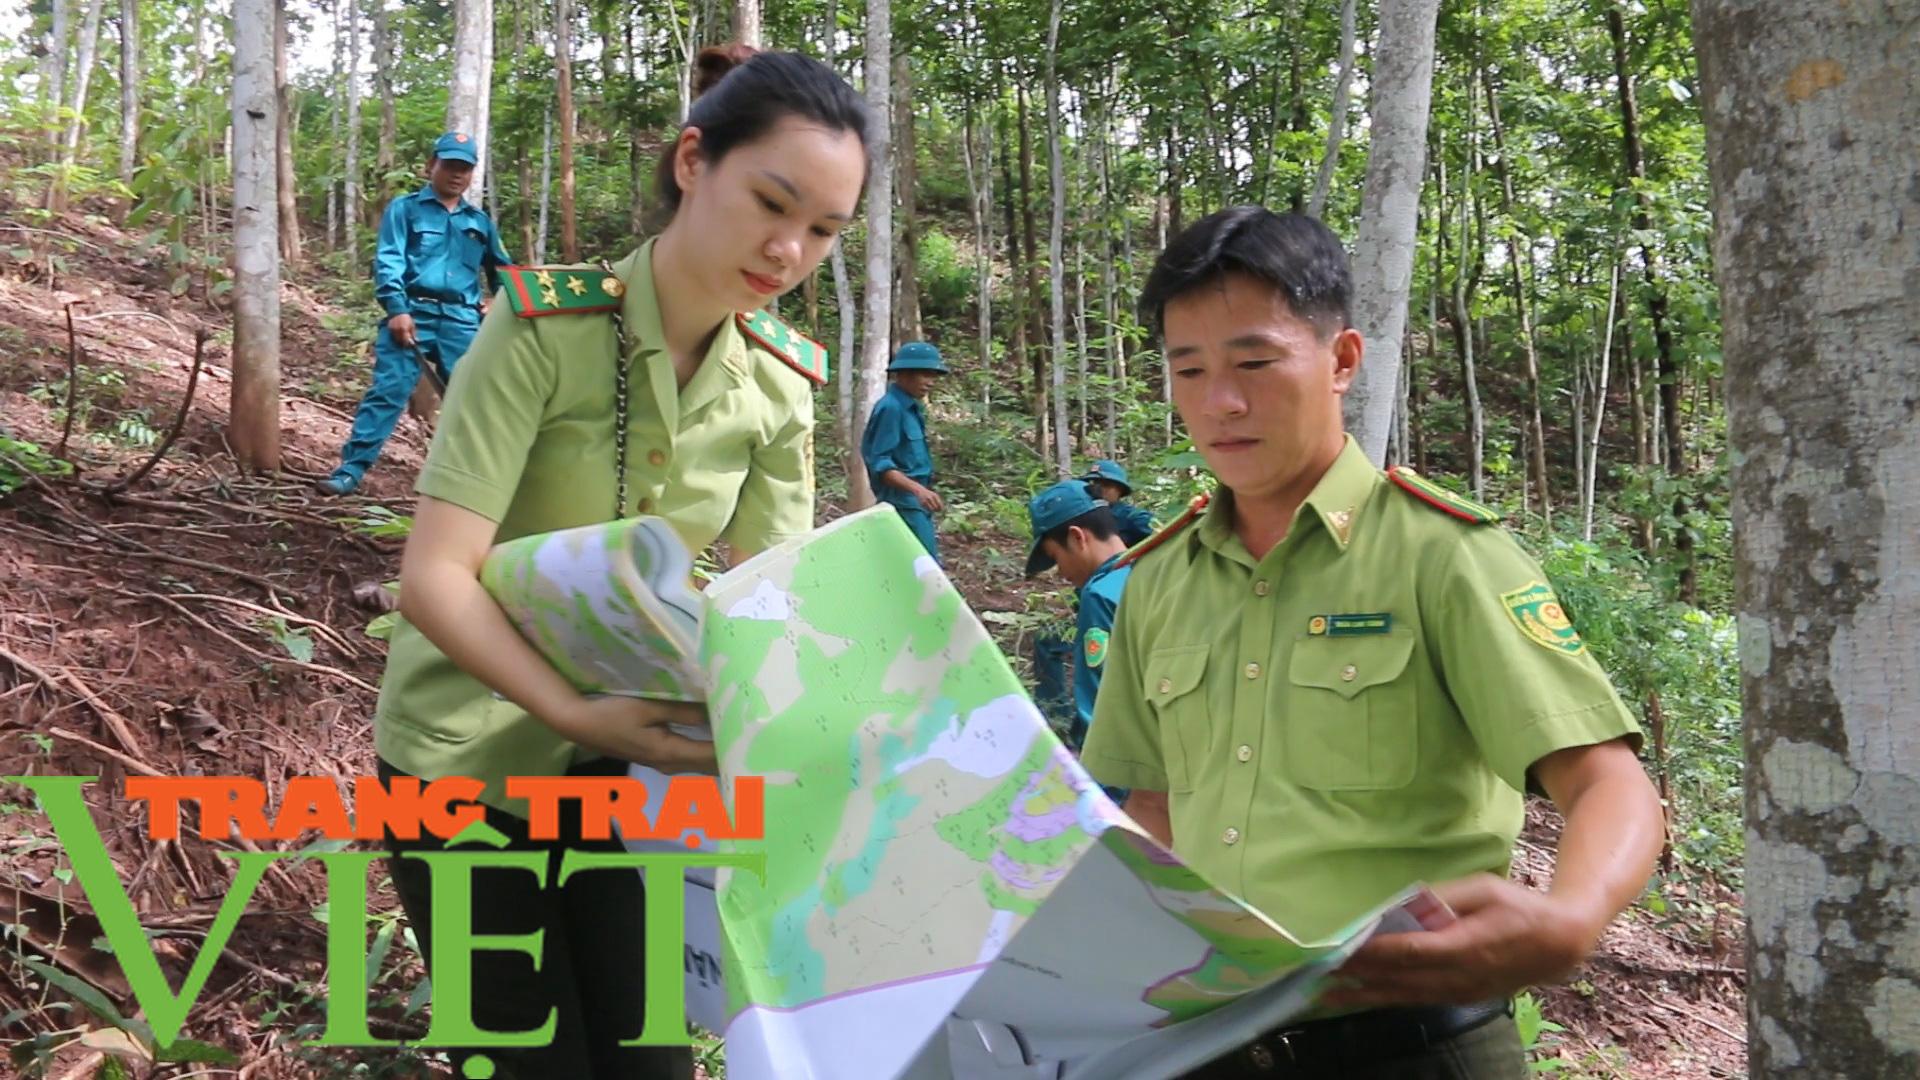 Hạt Kiểm lâm Yên Châu với công tác tuần tra bảo vệ rừng - Ảnh 6.
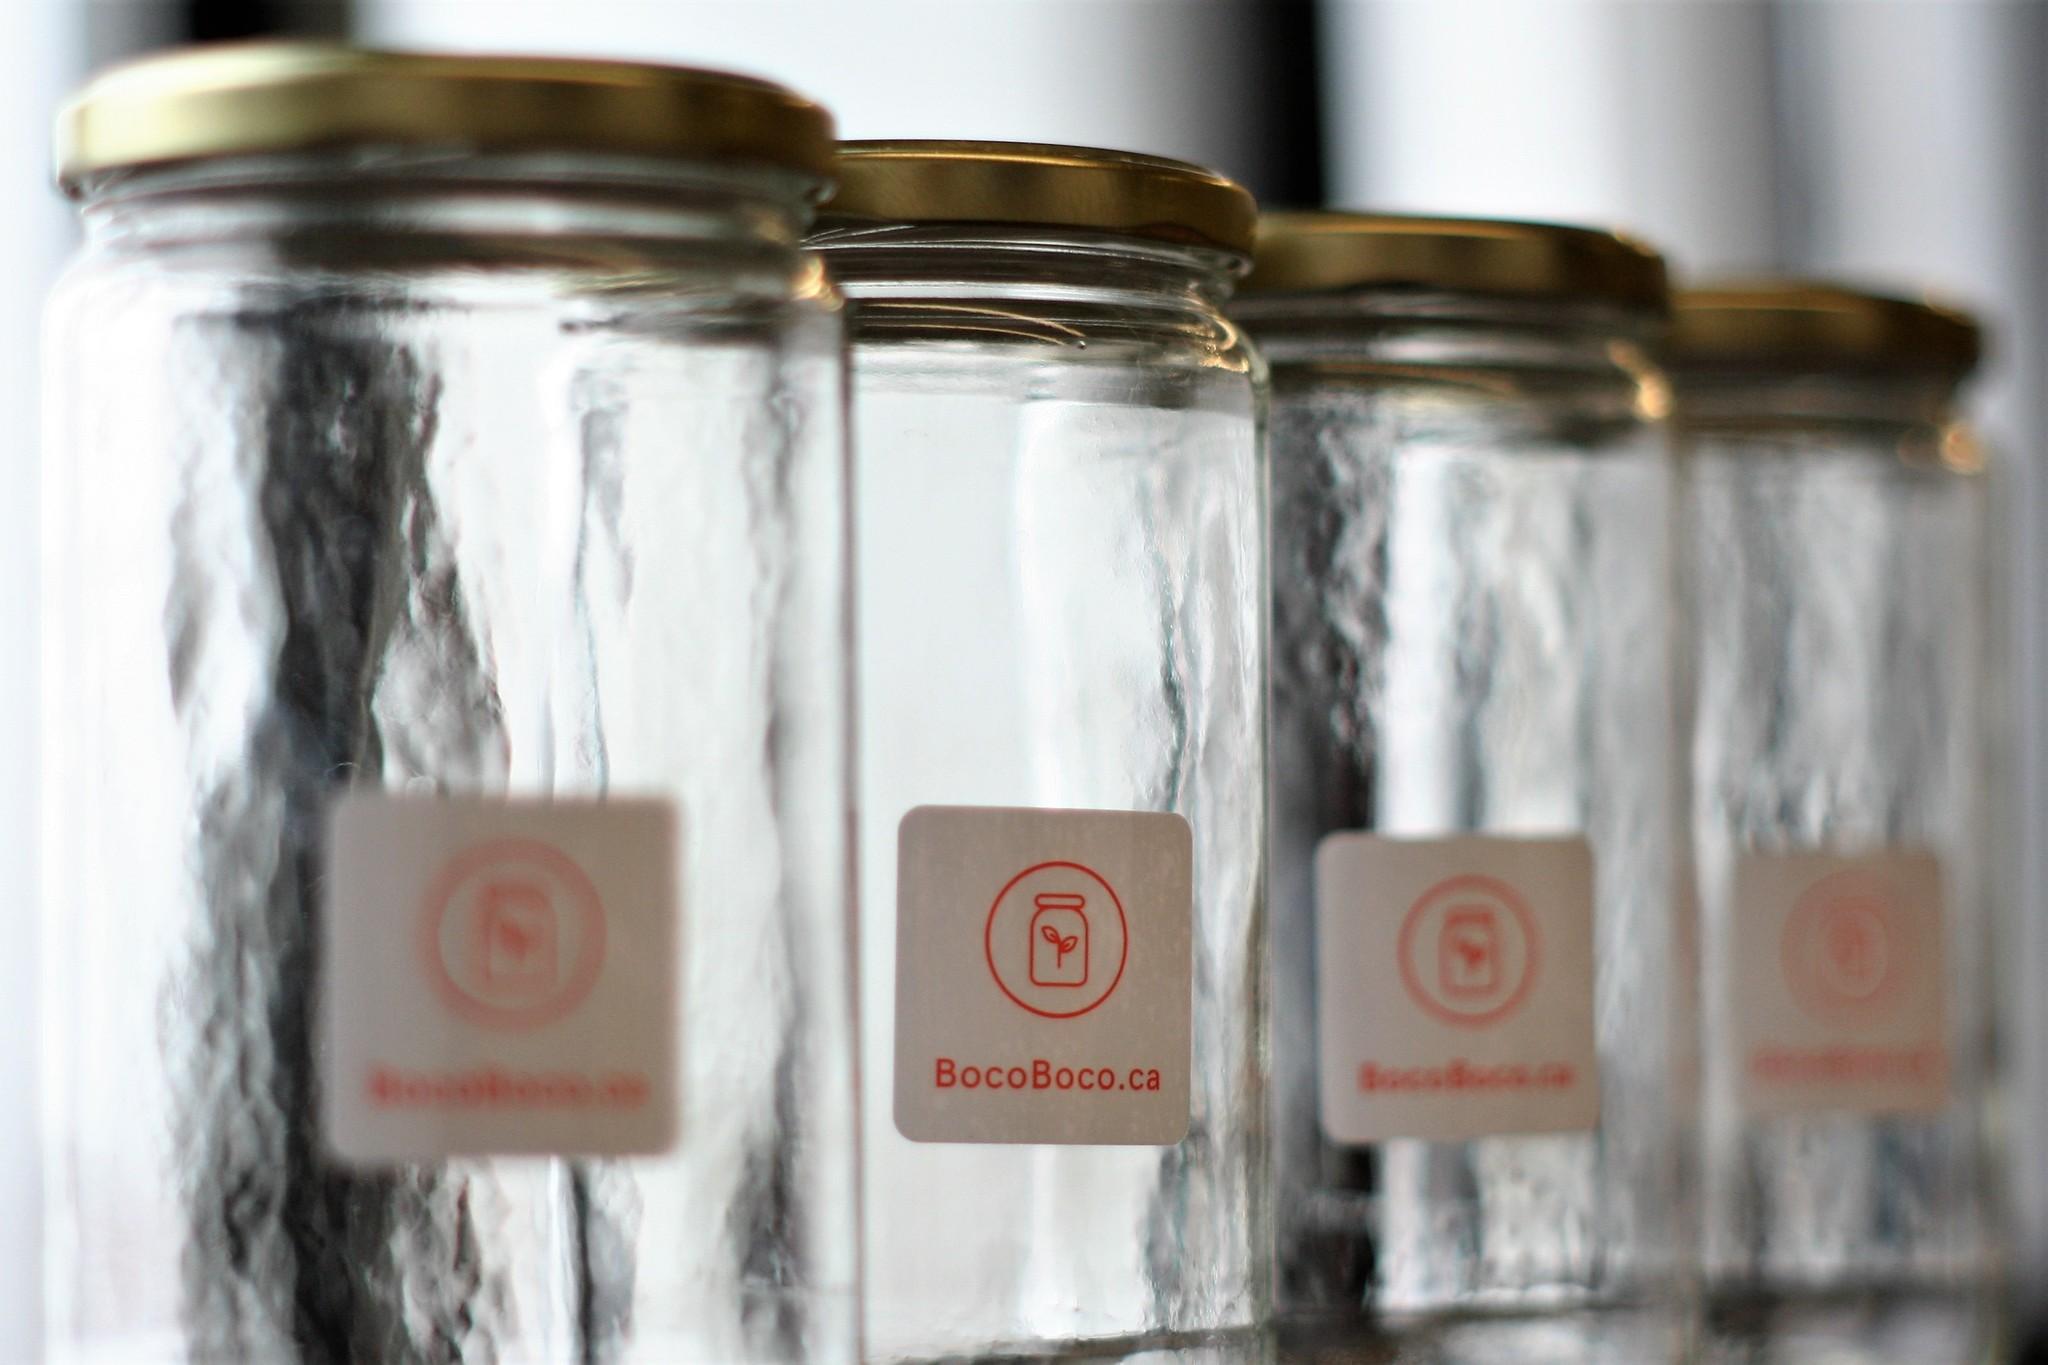 Nettoyage des contenants consignés BocoBoco
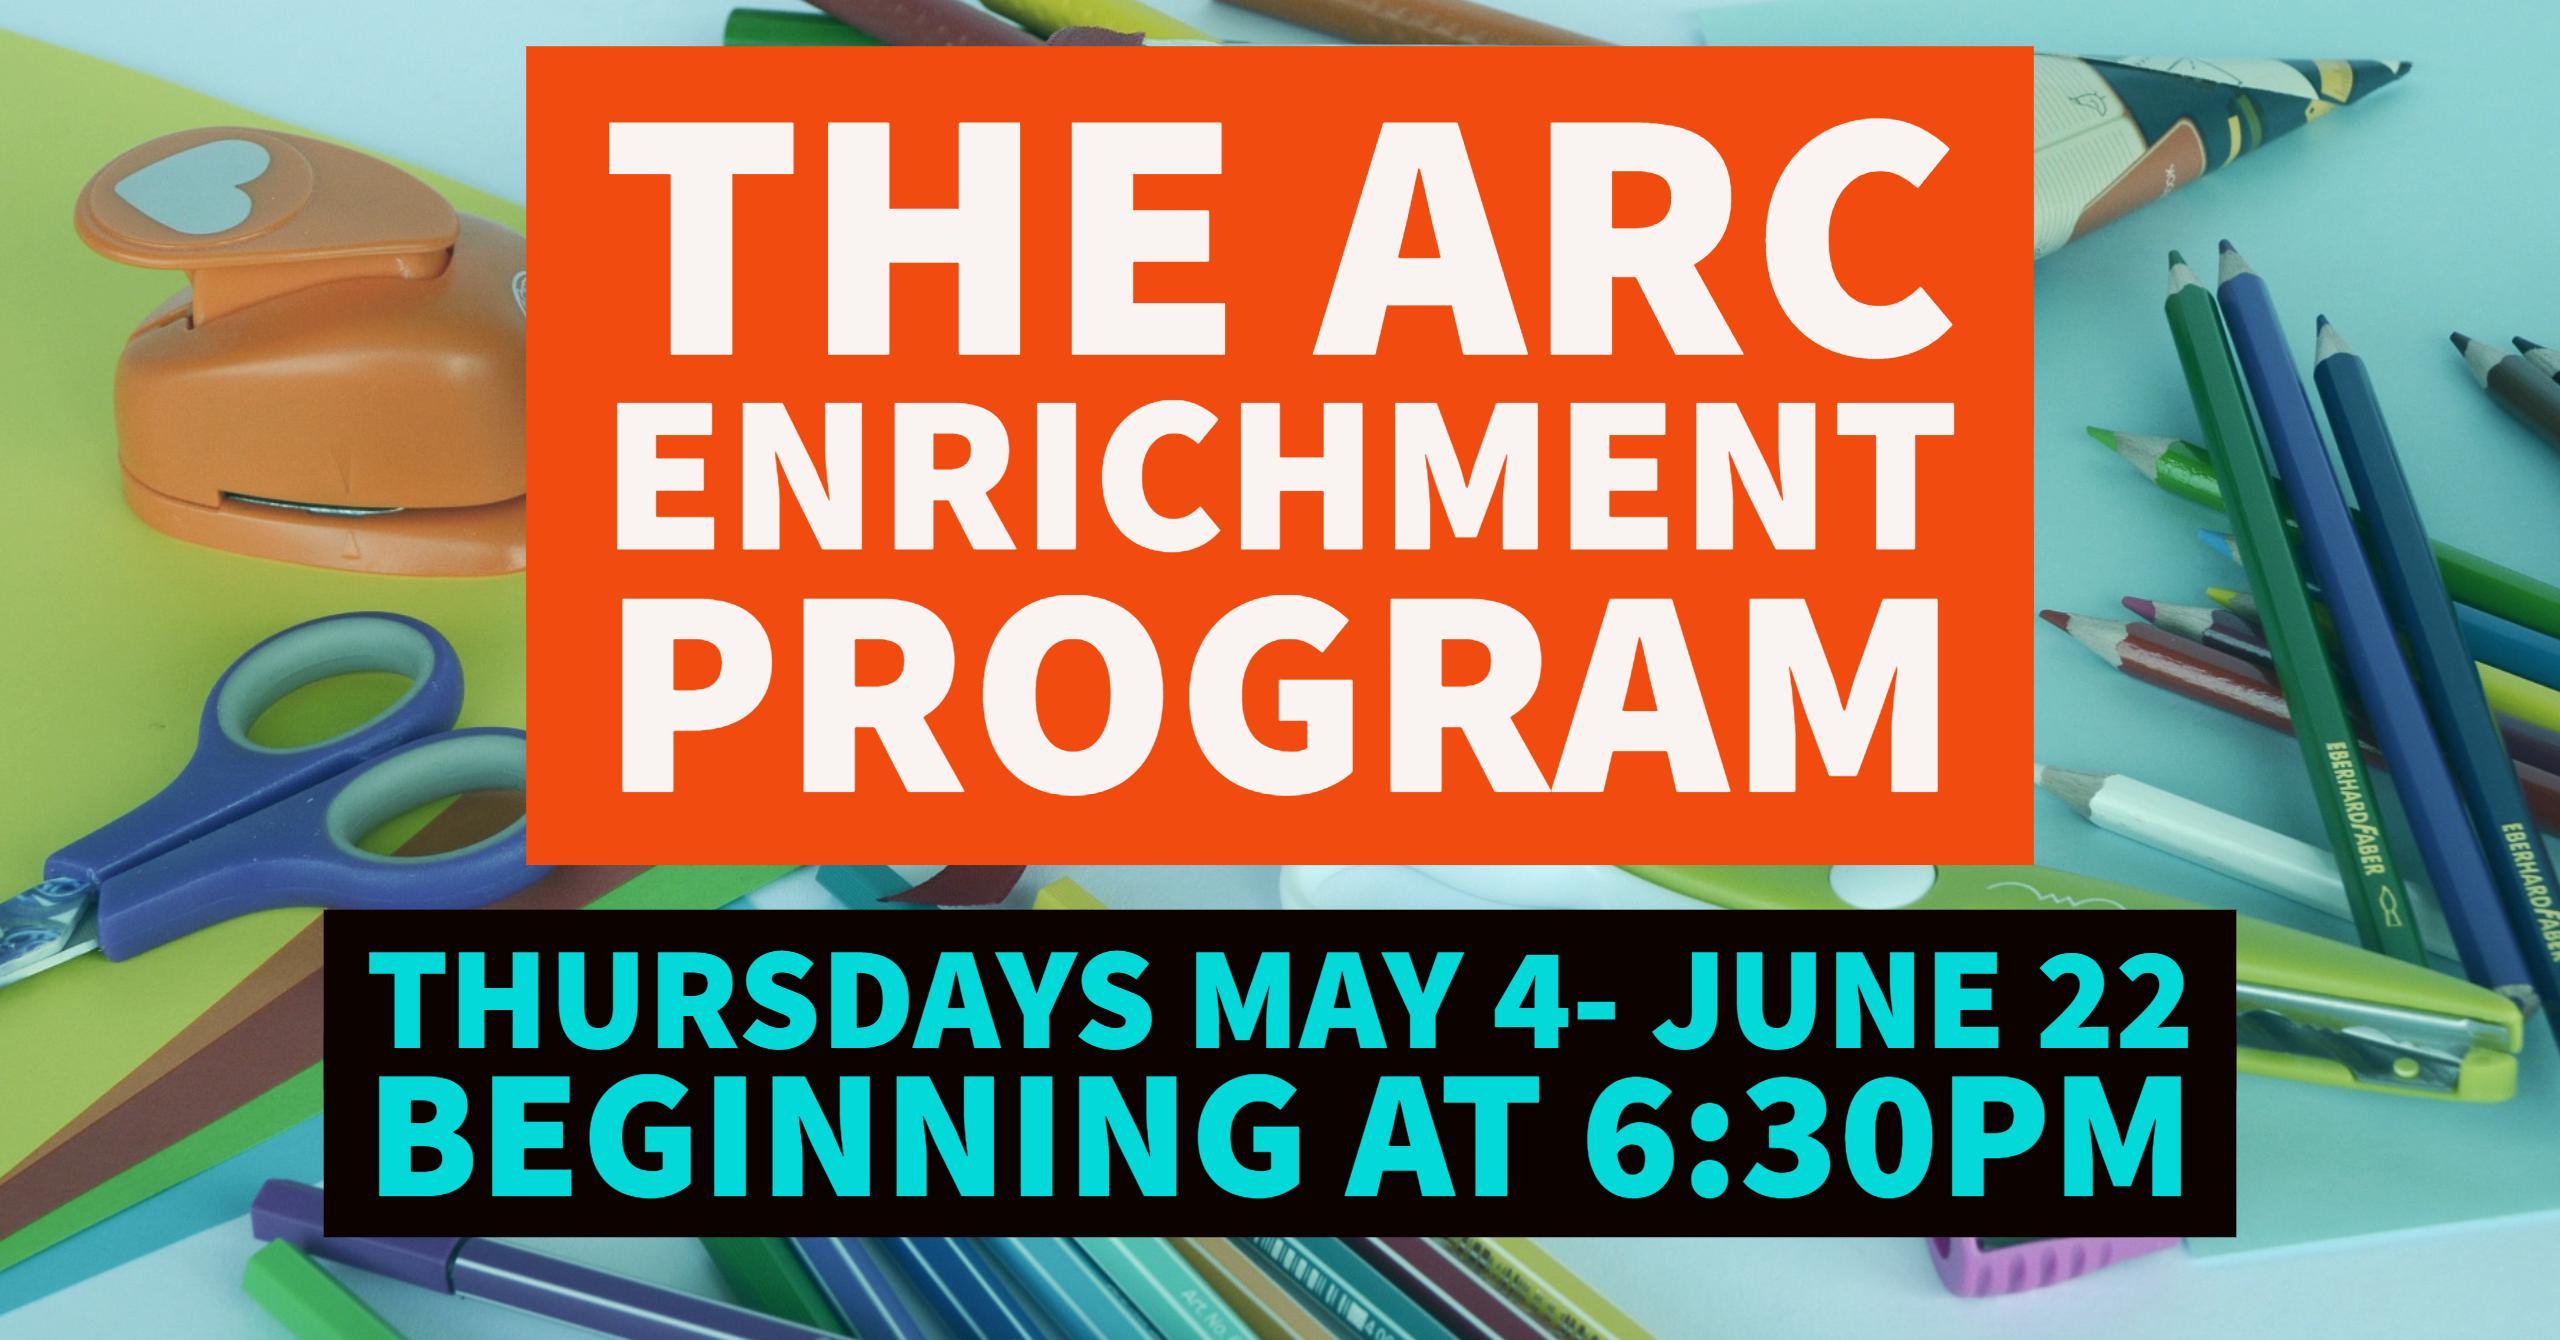 The Arc Enrichment Program
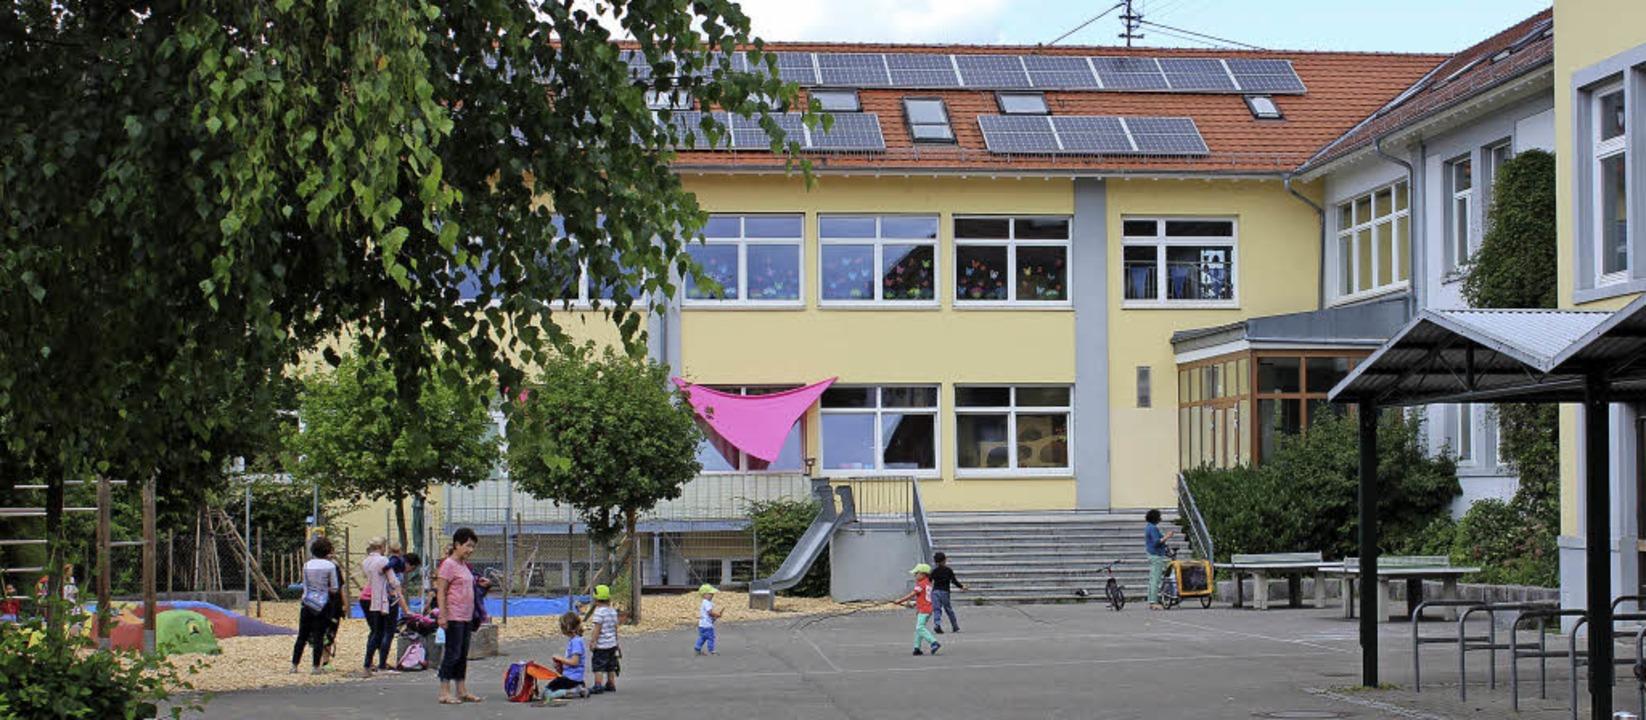 Die Kleinkindbetreuung liegt im etwas ...hen sich einen größeren Außenbereich.   | Foto: Mario Schöneberg
::::::::::
Every line from the one bearing "Nettoyage des contenants consignés BocoBoco" through the end of the data above must be output exactly, and no picture may appear.

EXPECTED OUTPUT:
 Nettoyage des contenants consignés BocoBoco
 The Arc Enrichment Program
 Die Kleinkindbetreuung liegt im etwas ...hen sich einen größeren Außenbereich.   | Foto: Mario Schöneberg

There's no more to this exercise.